Sunday, April 5

Polling is a tax on your infrastructure. Every 30-second interval check against a Slack API or a CRM webhook endpoint burns compute, adds latency, and — if you’re routing through a hosted LLM — costs you tokens you didn’t need to spend. Webhook triggers for agents flip that model entirely: instead of your agent asking “anything new?”, the external system tells your agent exactly when to act. The result is lower cost, sub-second reaction times, and workflows that actually feel alive. This article walks through exactly how to wire webhooks directly into Claude agents — with working code, real tradeoffs, and the failure modes nobody documents.

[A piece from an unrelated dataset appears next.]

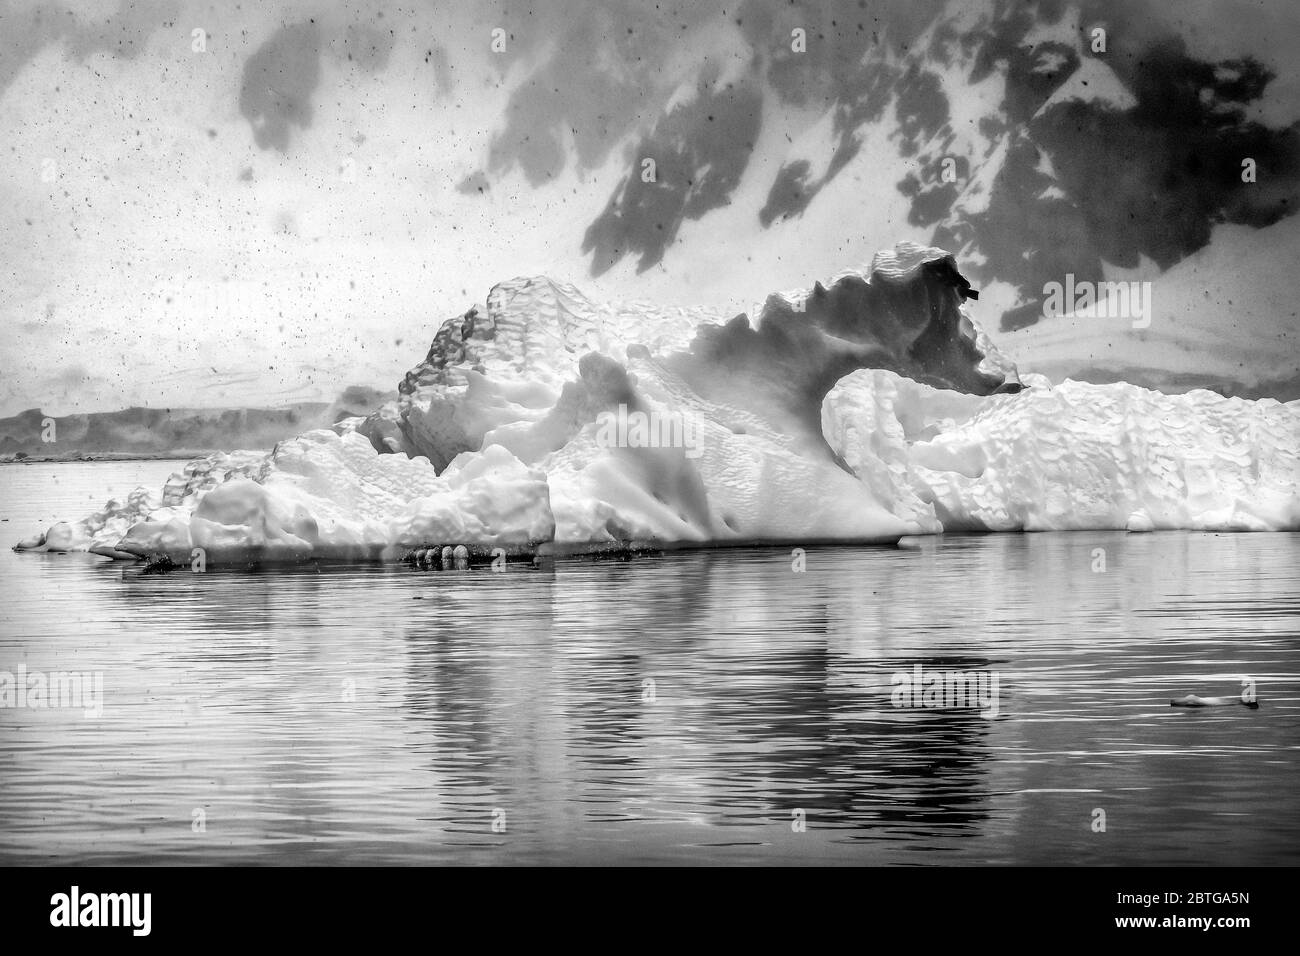 The culture iceberg Black and White Stock Photos & Images - Alamy

Why Polling Breaks at Scale (and Webhook Triggers Fix It)

Let’s be concrete. Say you’re running a Claude agent that monitors new support tickets and drafts responses. If you poll every minute, you’re making 1,440 API calls per day to check for new data — most of which return nothing. At Haiku pricing (~$0.00025 per 1K input tokens), even lightweight status checks add up fast when you multiply across multiple event sources.

The real cost isn’t tokens though. It’s lag. A ticket submitted one second after your last poll waits a full minute before your agent sees it. For anything time-sensitive — payment failures, alerts, form submissions — that’s unacceptable.

Webhook triggers solve both problems. The source system sends an HTTP POST to your agent endpoint the moment the event fires. No waiting, no wasted cycles. Your agent processes real events instead of running empty loops.

What You Actually Need to Build This

  • A publicly accessible HTTP endpoint (your agent’s entry point)
  • A webhook-capable source system (Stripe, GitHub, Typeform, Slack, etc.)
  • A Claude API integration (direct or via a framework like LangChain)
  • Signature verification logic — this is non-negotiable in production

The endpoint can be a FastAPI app on a VPS, a serverless function on AWS Lambda or Cloudflare Workers, or an n8n/Make webhook node. I’ll show the FastAPI approach because it gives you the most control and is the easiest to debug locally with ngrok.

Building a Webhook-Triggered Claude Agent Step by Step

Here’s a realistic scenario: a new GitHub issue is opened, your webhook endpoint receives the payload, Claude triages the issue (bug vs feature request vs duplicate), assigns a label suggestion, and posts a draft reply — all within two seconds of the issue being created.

Step 1: Stand Up the Webhook Endpoint

from fastapi import FastAPI, Request, HTTPException, Header
import hmac
import hashlib
import json
import os

app = FastAPI()

GITHUB_WEBHOOK_SECRET = os.environ["GITHUB_WEBHOOK_SECRET"]

def verify_github_signature(payload_body: bytes, signature: str) -> bool:
    """GitHub sends X-Hub-Signature-256 with every request. Always verify it."""
    expected = "sha256=" + hmac.new(
        GITHUB_WEBHOOK_SECRET.encode(),
        payload_body,
        hashlib.sha256
    ).hexdigest()
    return hmac.compare_digest(expected, signature)

@app.post("/webhook/github")
async def github_webhook(
    request: Request,
    x_hub_signature_256: str = Header(None),
    x_github_event: str = Header(None)
):
    body = await request.body()

    # Reject anything that can't prove it came from GitHub
    if not x_hub_signature_256 or not verify_github_signature(body, x_hub_signature_256):
        raise HTTPException(status_code=401, detail="Invalid signature")

    payload = json.loads(body)

    # Only act on opened issues, ignore everything else for now
    if x_github_event == "issues" and payload.get("action") == "opened":
        issue_data = payload["issue"]
        result = await triage_issue(issue_data)
        return {"status": "processed", "triage": result}

    return {"status": "ignored", "event": x_github_event}

The signature check is not optional. Without it, anyone who discovers your endpoint URL can trigger your agent with arbitrary payloads. Most webhook providers (Stripe, GitHub, Shopify) use HMAC-SHA256. Some use token-based header checks instead. Either way, verify before you parse.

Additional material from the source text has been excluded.